Lebanese women ministers eager to face challenges
By Nohad Topalian in Beirut
Lebanese women ministers appointed to the new government are prepared to meet the challenges entrusted to them, two of them told Al-Mashareq.
After an eight-month deadlock over political wrangling, Lebanese Prime Minister designate Saad al-Hariri on January 31st announced a government line up, with four women taking office in key positions.
Raya al-Hasan, a former finance minister, will head the interior ministry, and has made history as the first female interior minister in Lebanon and the Arab world.
May Chidiac, a former journalist, was named minister of state for administrative development; Nada Boustani of the Free Patriotic Movement has become minister of energy and water; and Violette Khairallah Safadi, was appointed to the Social and Economic Rehabilitation of Youth and Women ministry of state.
Women ministers gain key cabinets
"While it is important that we as women have a presence in the government, the significance lies in the portfolios entrusted to us," Chidiac told Al-Mashareq.
This is the first time a woman has been appointed as interior minister in Lebanon, she said, and the first time a woman has headed the Ministry of Energy and Water, as these two positions "were traditionally occupied by men".
Regarding her post as minister of state for administrative development, Chidiac said she will engage with "all ministries, especially with regard to appointments and transparency".
"We were appointed based on each of our eminent academic and professional body of work, to serve Lebanon," she said, with challenges "mostly centered on rescuing the economy and fulfilling the outcomes of the CEDRE conference".
Empowering women, youth
Safadi, the new minister of state for social and economic rehabilitation of youth and women, said she is seeking to change the ministry’s name to the Ministry of State for Social and Economic Empowerment of Women and Youth.
"It is very important that there are four dynamic women in the government," she told Al-Mashareq.
Safadi said her priority is to empower women and youth.
"We will conduct a study of the labour market to ascertain what is lacking and needed, and then train and integrate the youth into it," she said.
The ministry will work to ensure that youth are trained to meet the needs of the labour market, in order to put an end to emigration and unemployment, she said, and to make young people want to stay in their homeland.
"I will develop a programme to empower women economically so that they can support their families, become active members of their communities, and become economically independent," Safadi said.
A precedent in Lebanon
In a social media post, Ghada Chreim Ata, a social activist and French literature professor at the Lebanese University, said it is significant that "four women from different fields were named to top ministerial posts".
The appointment of a woman to head the Ministry of Interior was "the biggest surprise", Ata told Al-Mashareq. "It is unprecedented in the history of Arab countries, and the credit for it goes to Prime Minister al-Hariri."
All the ministries to which women were appointed are of key importance, as the Energy and Water Minister will tackle the problem of electricity that has vexed Lebanon for decades, she said.
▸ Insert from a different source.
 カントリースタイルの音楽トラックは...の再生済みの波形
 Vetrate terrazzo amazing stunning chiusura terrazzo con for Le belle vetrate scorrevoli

Lebanon also is in dire need of administrative development and the implementation of the e-government programme that is aimed at modernising public administration, she added.
Meanwhile, the women and youth minister of state faces several pressing issues, she said.
These include the right of Lebanese women to pass citizenship on to their children and spouses, and the implementation of a quota system in the parliamentary elections.